- [Information shown]:
○ ○ ○

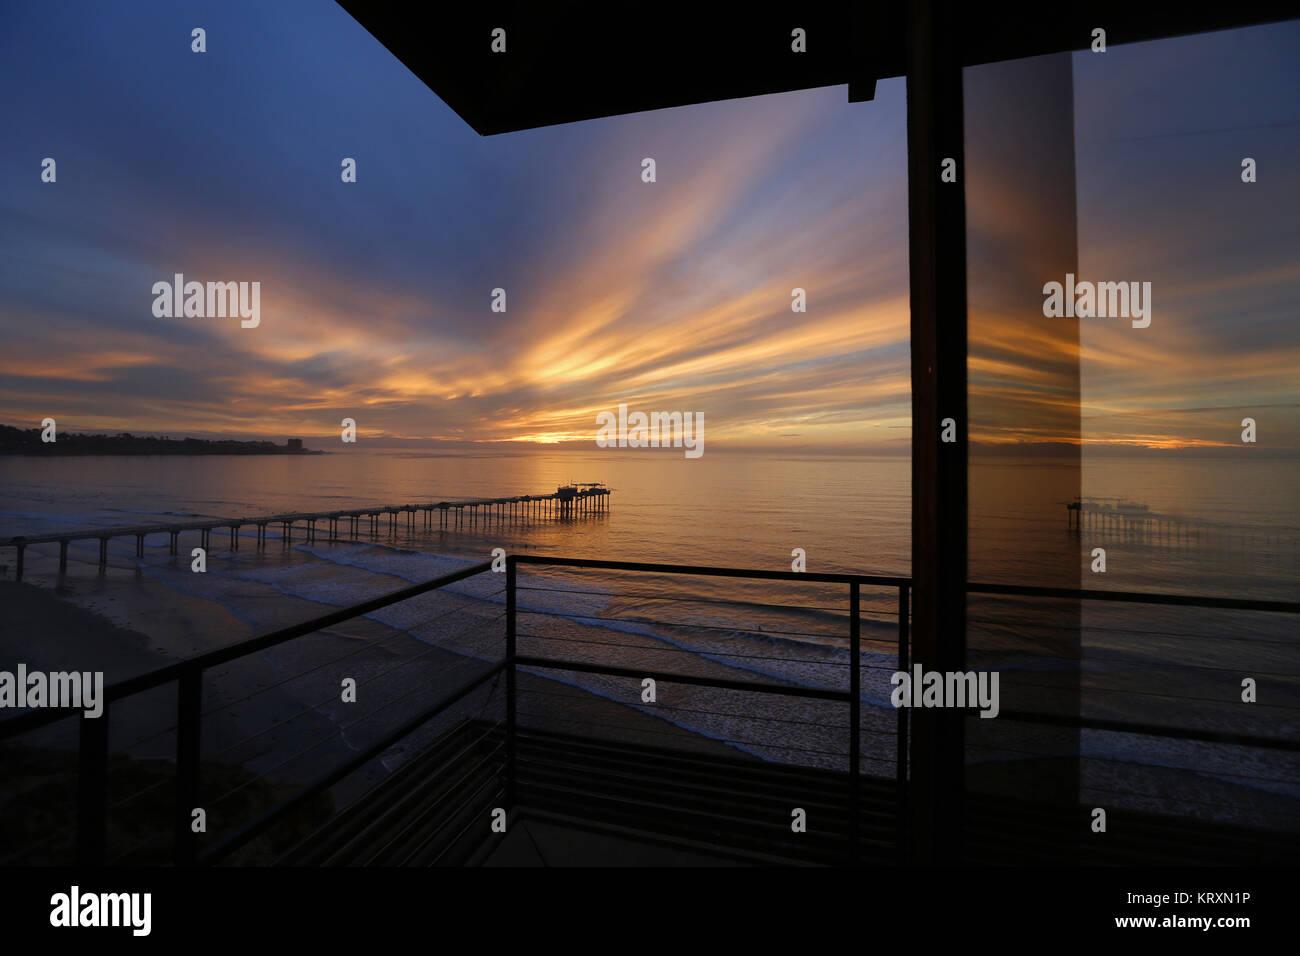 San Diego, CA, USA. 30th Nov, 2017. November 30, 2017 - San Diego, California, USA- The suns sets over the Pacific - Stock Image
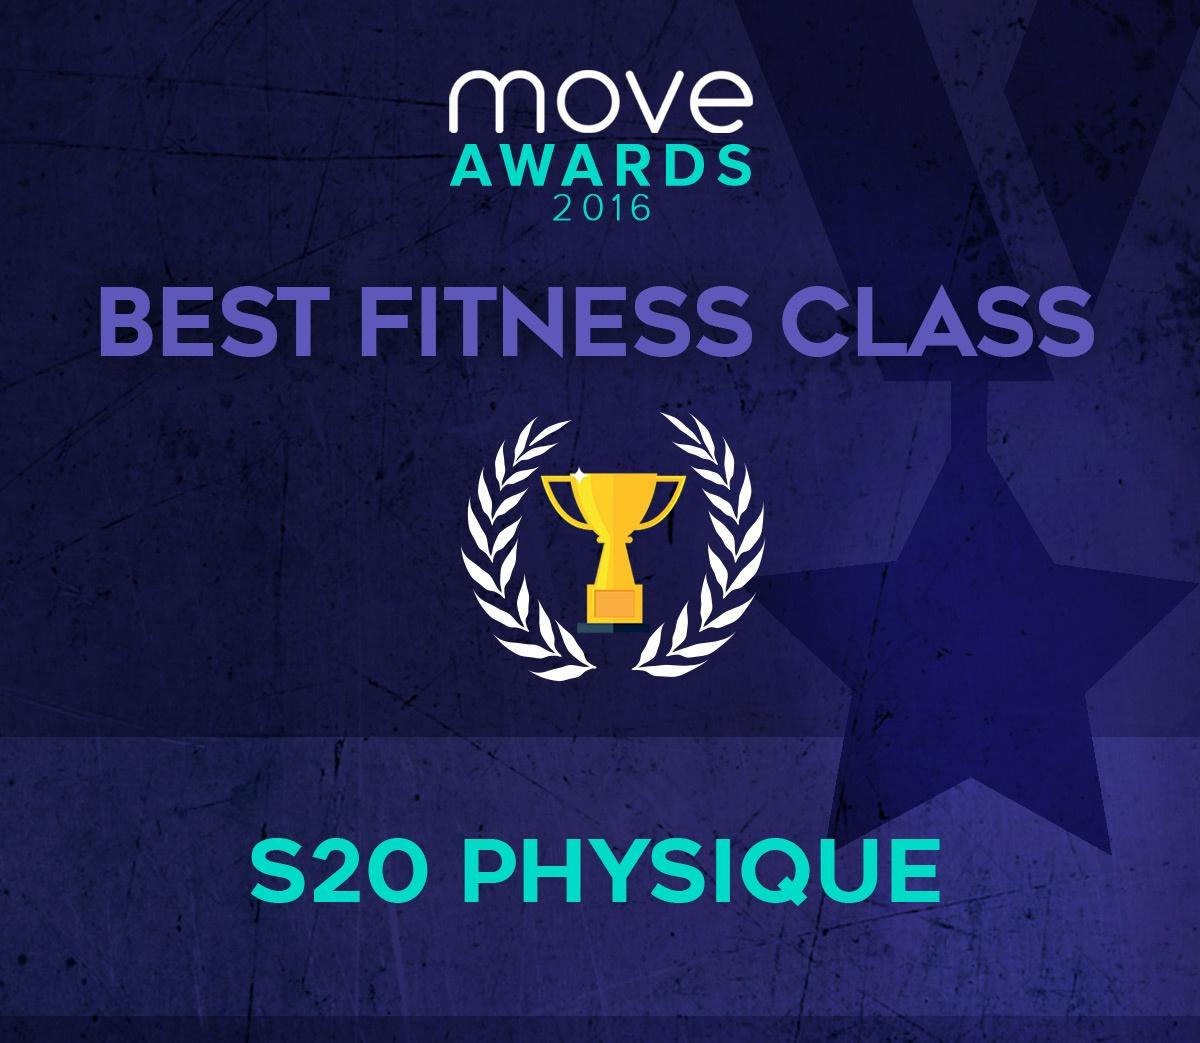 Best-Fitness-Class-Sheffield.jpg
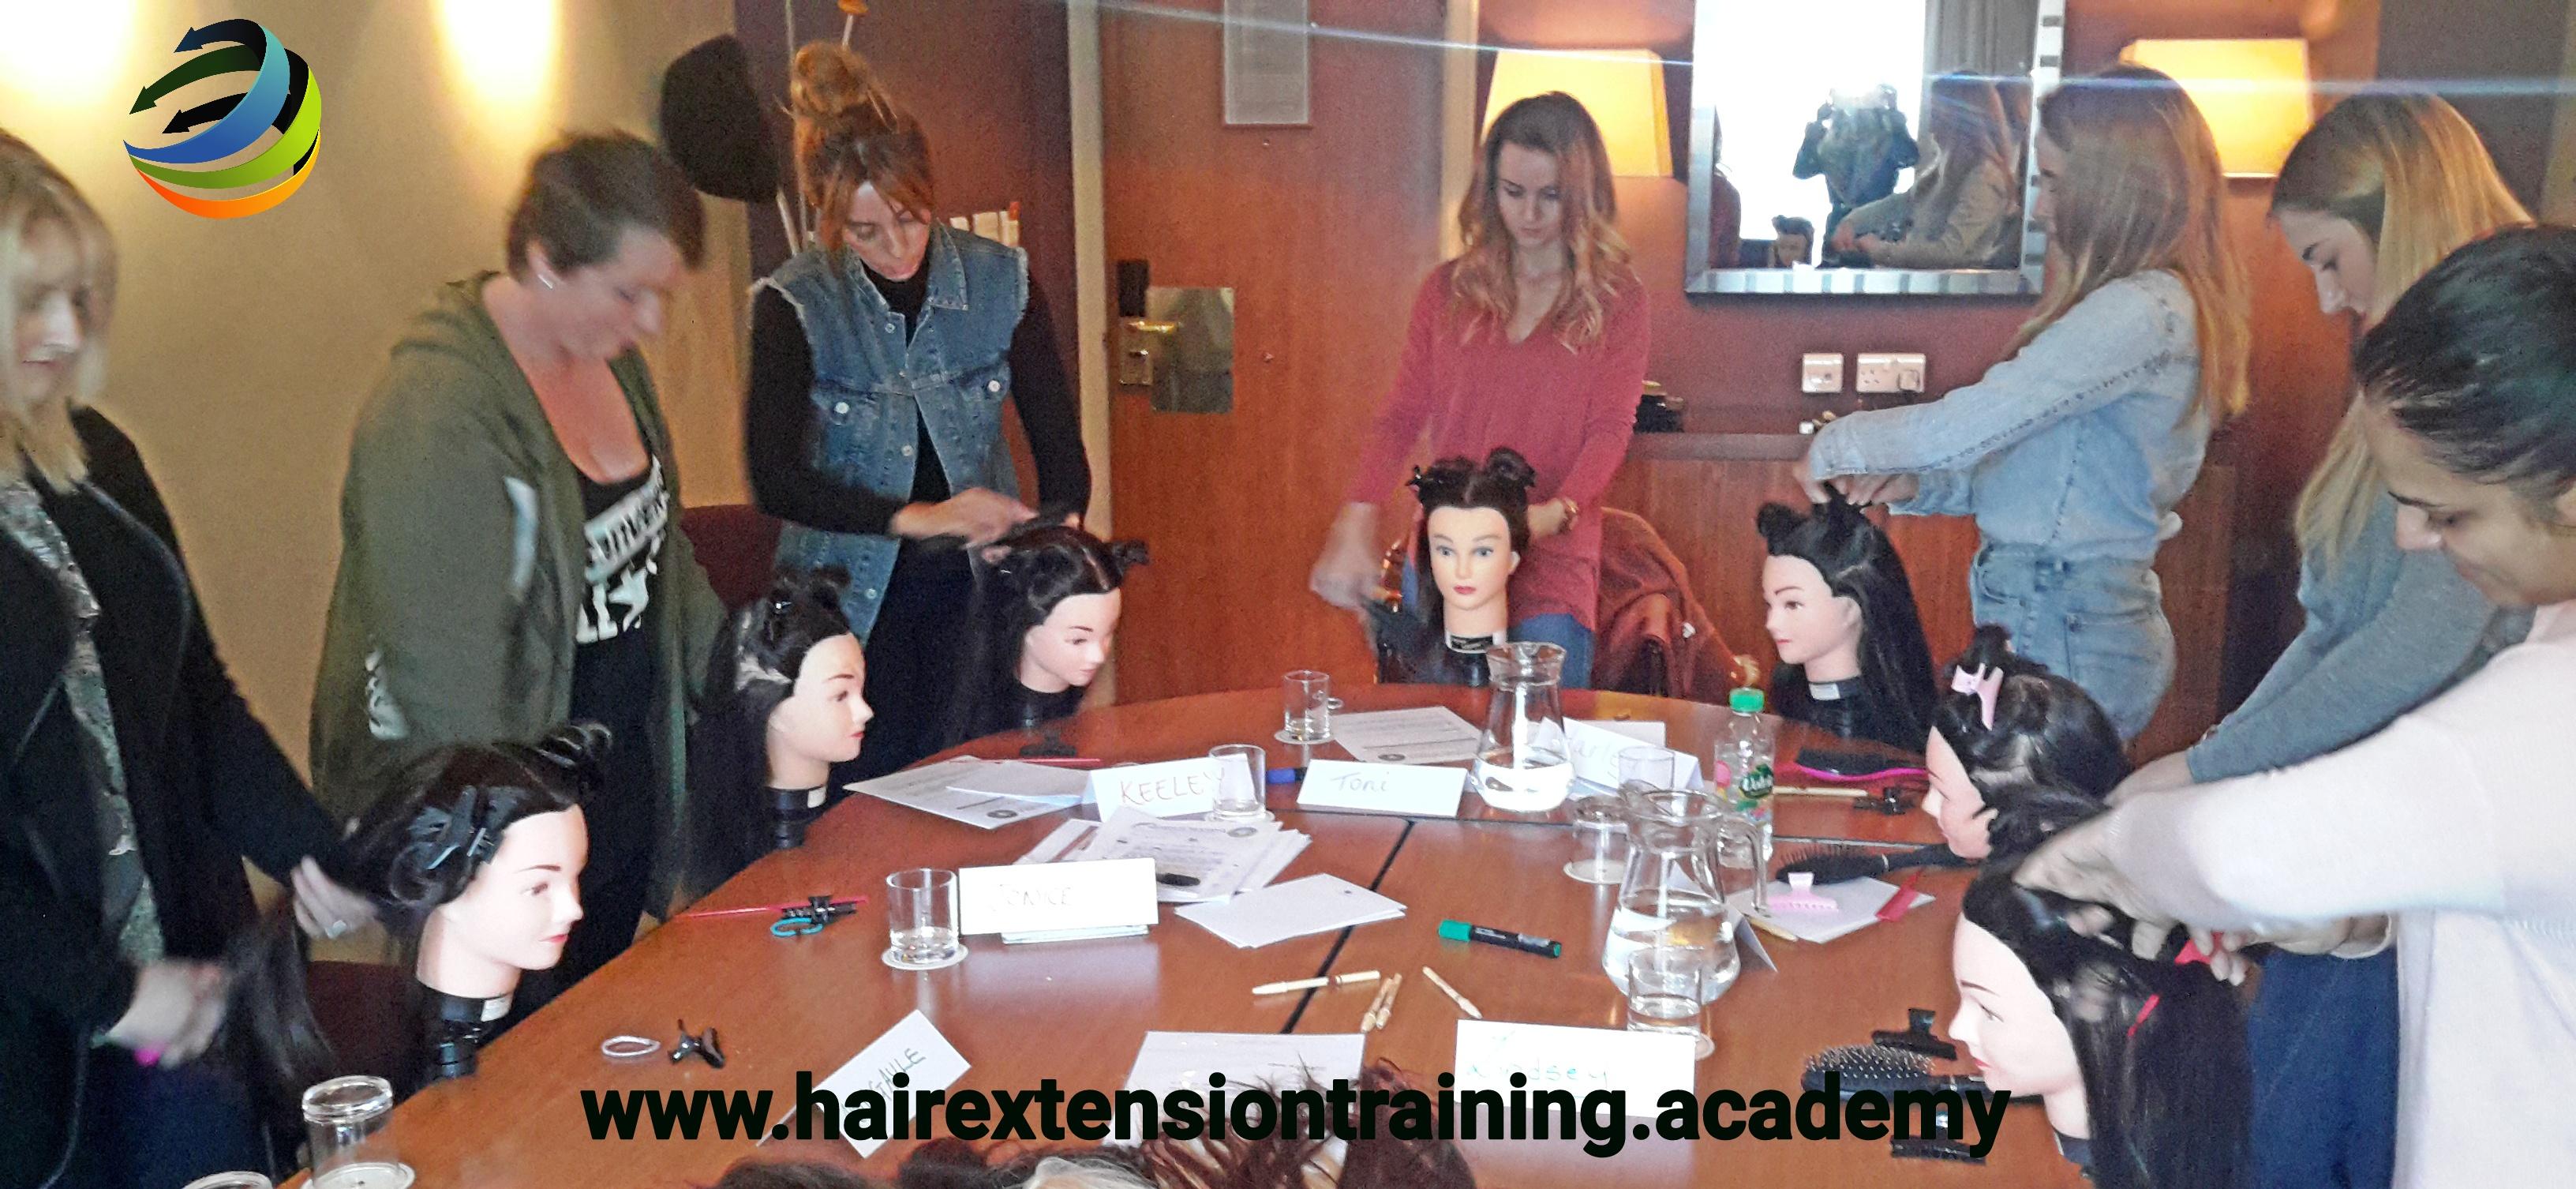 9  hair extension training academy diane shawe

○ ○ ○

- [Your instructions]: Each line of the material goes into your copy unchanged, but no picture does.

- [Solution]:
 San Diego, CA, USA. 30th Nov, 2017. November 30, 2017 - San Diego, California, USA- The suns sets over the Pacific - Stock Image
 Best-Fitness-Class-Sheffield.jpg
 9  hair extension training academy diane shawe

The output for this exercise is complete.